We had two more activity rotations on Friday morning, with a brief period of free time between breakfast and activities. Some of the boys used that free time to shoot off a fire extinguisher in one of their cabins, which the adults discovered before lunch. The counselors were really upset, not just that it had happened, but also that it could prejudice the administration against repeating the retreat next year.

The boys from the cabin where the incident had occurred had clean-up duty after lunch, and they were all worried that they'd be punished collectively for what had happened. They all said that they weren't involved, and then one kid came forward and said, "I did it." I was really proud of him -- it took guts to confess in front of his friends.

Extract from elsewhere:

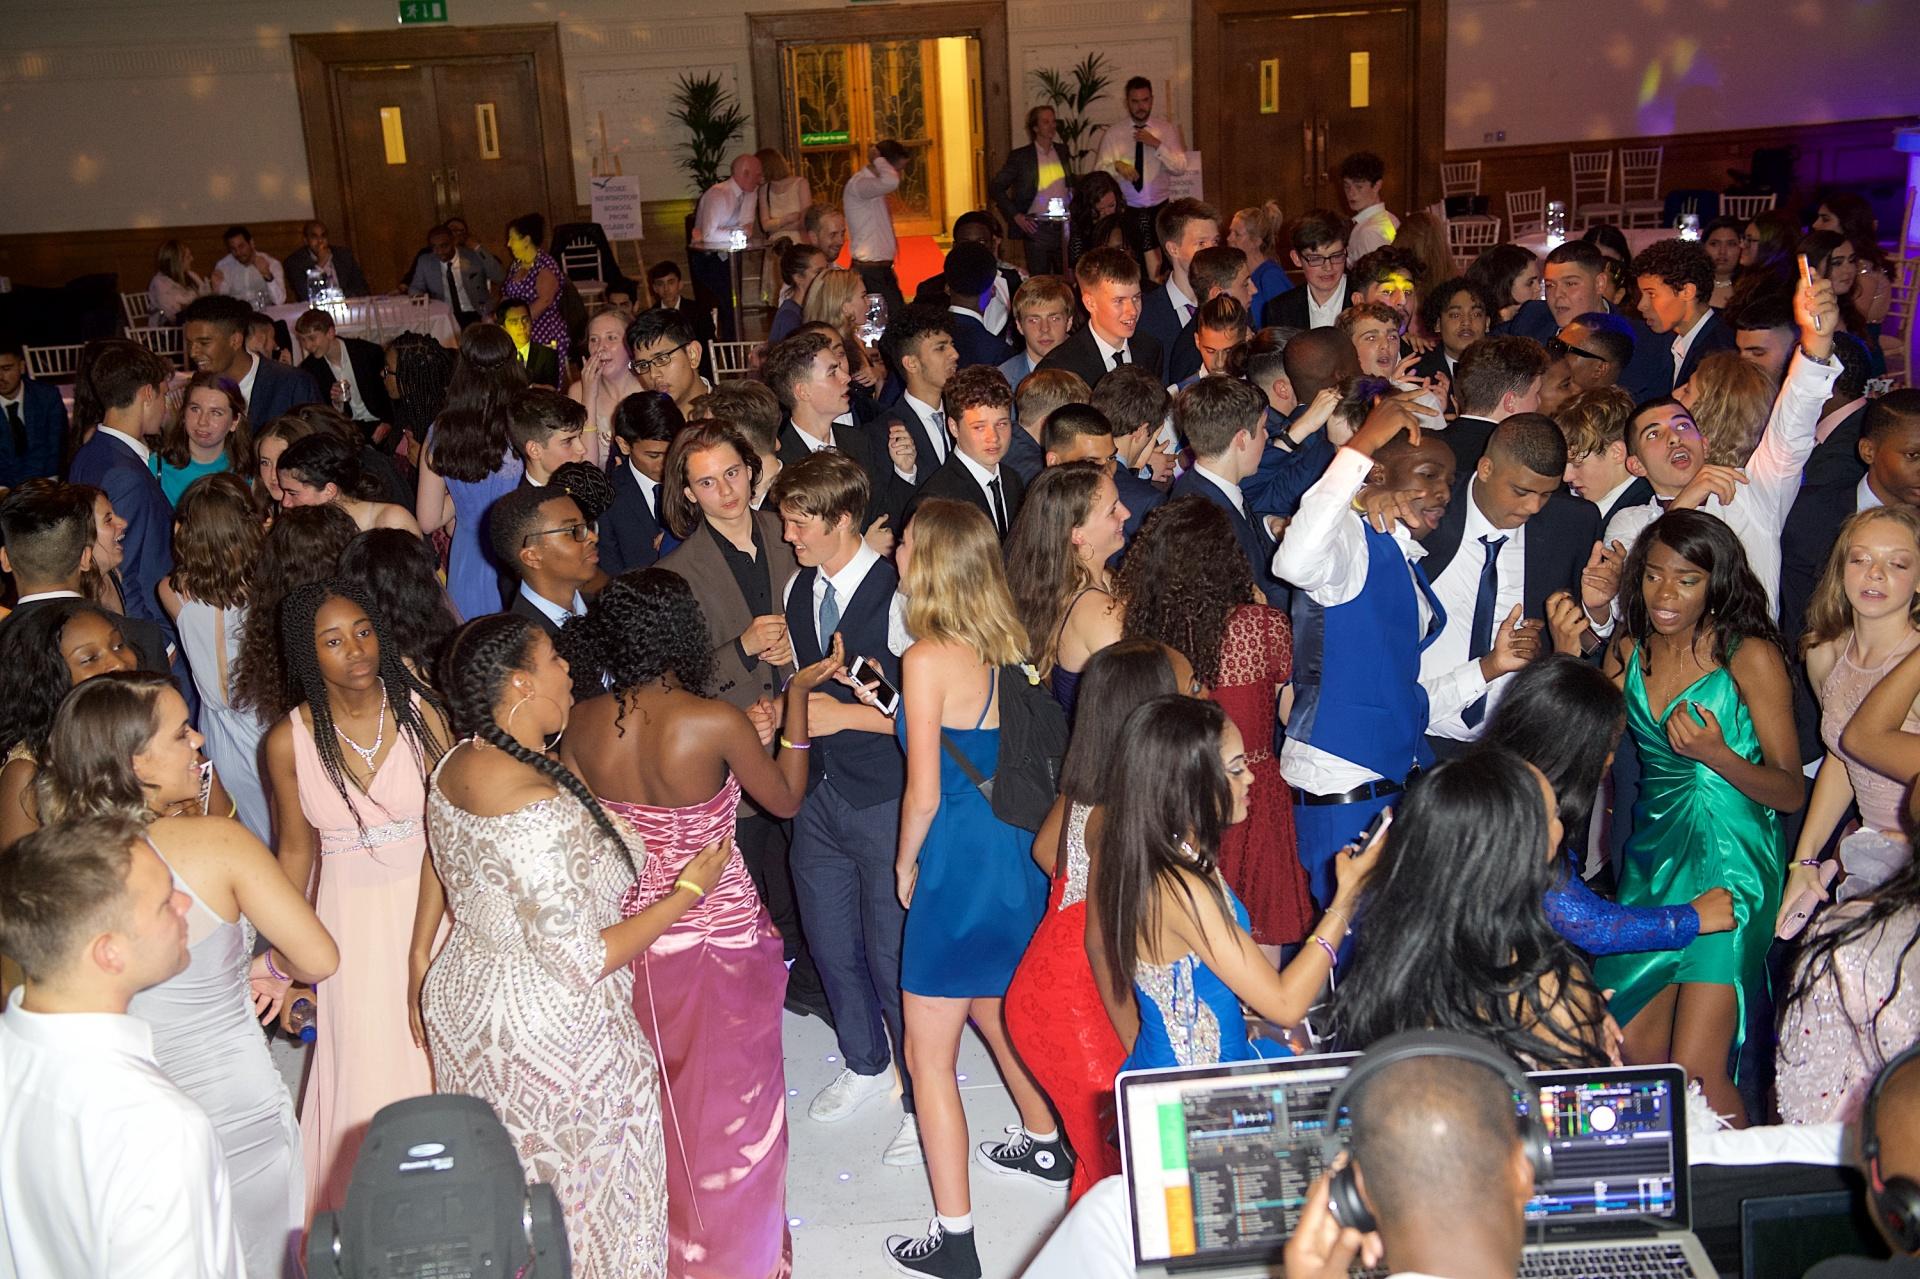 S Klass Ent School Prom
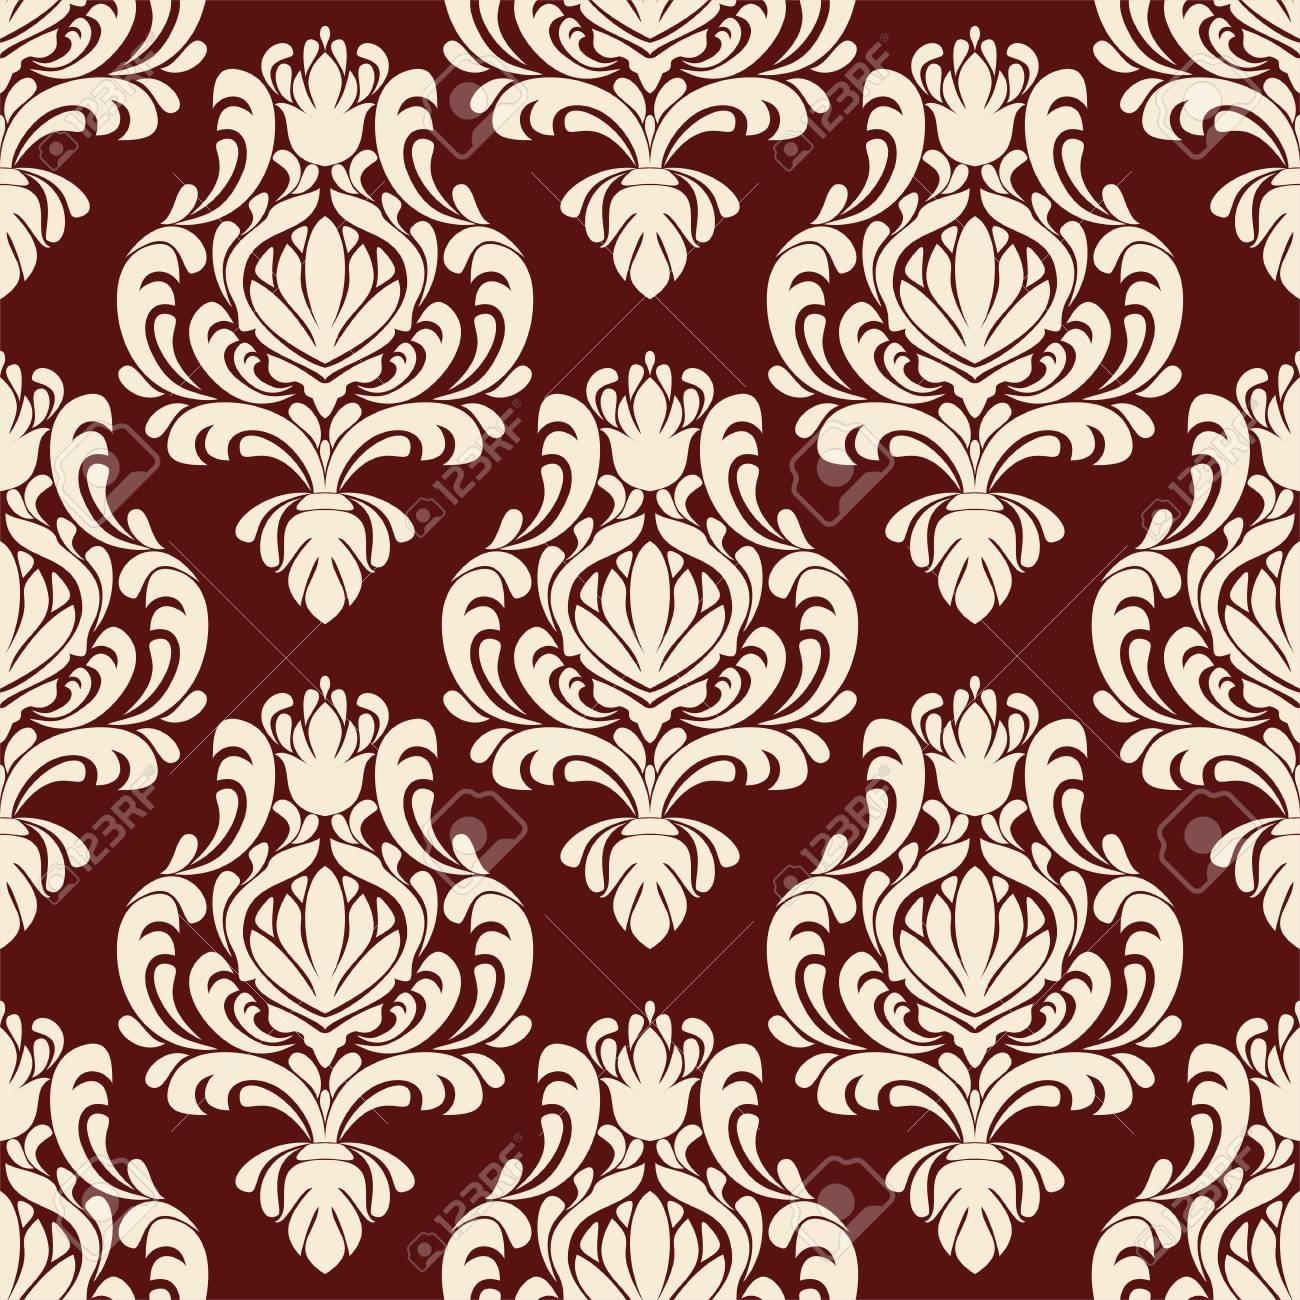 Rich ornamental damask Wallpaper for design - 103610163

He wasn't the instigator; two boys from another cabin came in and were spraying the fire extinguisher and he walked in on them. They coerced him into spraying the extinguisher himself, probably so he wouldn't turn them in, although that sort of thinking may be too subtle for this age group. Anyhow, it put a blot on the end of what was otherwise a good trip.

We got the kids and their stuff up to the staging area for the busses around noon. By this point, we were down to eight faculty members because some had driven their own cars up and had already started back and some had gotten on the school's minibus with the JV volleyball players who had had to get back a little early so they could go play in an out-of-state tournament.

No busses.

They started calling the bus company and the school, and the bus company had messed up. They had scheduled busses for Saturday instead of Friday. So here we were, two hours from Atlanta, with two hundred kids and no transportation.

We needed four busses, but we could only get two each from two different companies and they had two different arrival times. I stayed with the kids in the last half of the alphabet, who were going out on the second set of busses.

The first group left around 4. We didn't leave till after six. The kids were real troopers; they sat around and talked and joked and played and generally had a good time. It may have been serendipitous...after all, nothing builds unity like adversity!

So will I be going on the Second Annual Ninth Grade Retreat next September? You bet!